Ihm folgte im Beruf auch sein Neffe Dr. Oswald Kaufmann jun., der einen abenteuerlichen Lebensweg beschritten hat. 1915 geboren war er auch Teilnehmer im 2. Weltkrieg und wurde in Russland in der Gefangenschaft Lagerarzt. Nach Kriegsgefangenschaft und Entlassung 1949 lebte er in Hamburg als Chirurg am Universitätsklinikum. Von dort knüpfte er Beziehungen nach Südamerika, wo er in Peru ein Urwaldhospital in Coima für 50.000 Indios aufbaute. Von ihm wurde berichtet als „dem Albert Schweitzer Perus“. Wesentliche Aufgabe war dort die Seuchenbekämpfung. Seine Bitten um Unterstützung verhallten weder in Morsbach noch im Oberbergischen Kreis, noch beim Bundespräsidenten, ungehört. 1966 warb noch der Spiegel für sein Hospital. Dort wurde er mittlerweile von internationalen Organisationen mit Geld und Helfern unterstützt.

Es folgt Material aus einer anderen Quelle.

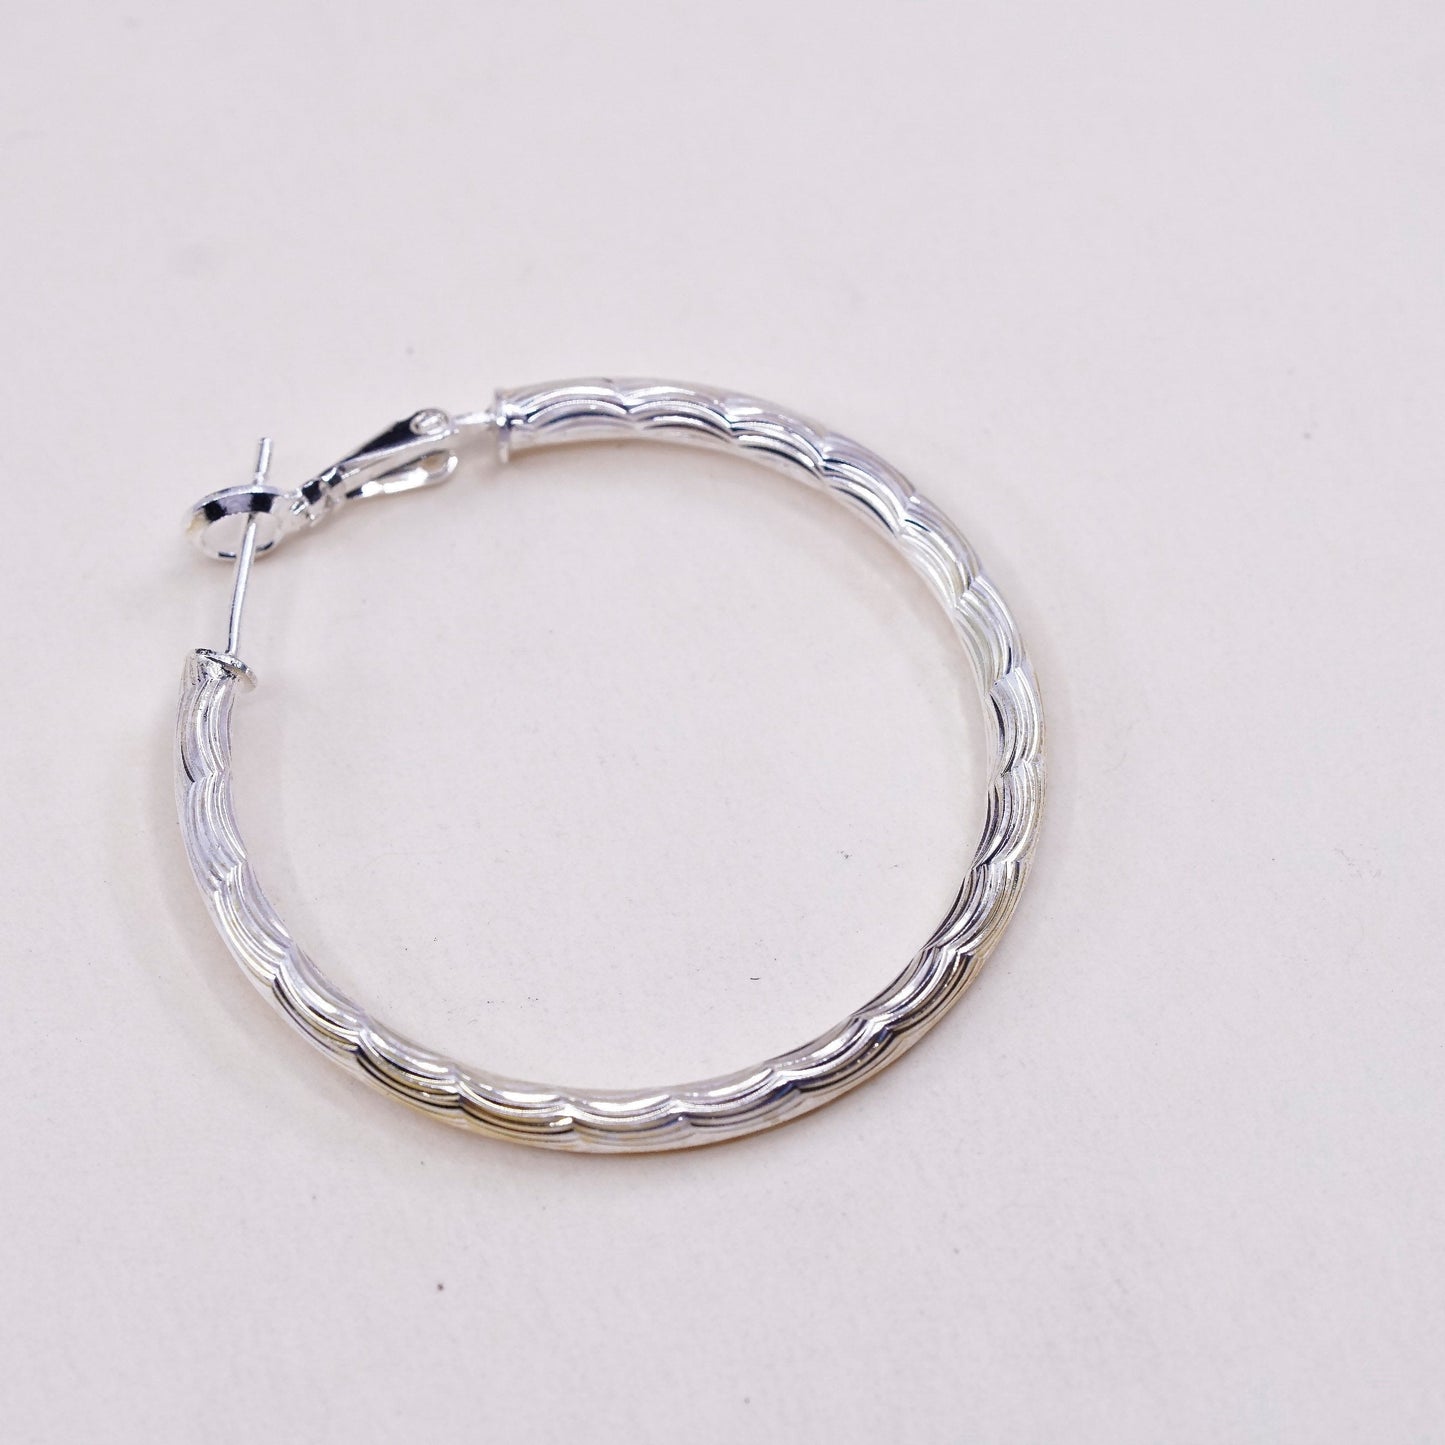 1.5”, VTG sterling silver loop earrings, textured minimalist primitive hoops

Vier Ärzte Kaufmann am selben Ort wären wohl für das kleine Morsbach zu viel gewesen, also strebten sie heraus. Die Zurückgebliebenen engagierten sich sozial und politisch. Das Krankenhaus Mariahilf wurde im Wesentlichen von Franziskanerinnen geführt – wie um die Jahrhundertwende üblich, war es auch Pflegeanstalt und Waisenhaus. Die Ärzte fungierten als Belegärzte, die ihre Patienten im Haus unterbrachten, nachdem sie sie zuvor in ihrer Praxis ambulant behandelt hatten. Dieses System endete 1974, als das Krankenhaus geschlossen wurde. Der Urwalddoktor Oswald Kaufmann jun. verstarb 1979 mit 64 Jahren in Peru, wo sein Hospital Andino in Coima weitergeführt wird durch eine internationale Crew. Drei Töchter pflegen dort sein Andenken. 1980 erinnerte das Deutsche Ärzteblatt an den Verstorbenen, der offenbar auch zuhause noch nicht vergessen war. Die Ärzte der Familie Kaufmann waren auch schon in der Heimat sozial und politisch engagiert, hatten Funktionen in der Gemeinde und im Kreistag. Für den Sanitätsrat Dr. Oswald Kaufmann sen., der auch Bahnarzt in Morsbach war, kam 1915 eine Anerkennung von allerhöchster Stelle, ein kaiserlicher Orden für 25jährigen Dienst, der noch in der Familie verwahrt wird. Die Keimzelle, das Haus der Familie, steht noch in der Bahnhofstraße, wo schon lange kein Zug mehr hält. A.R.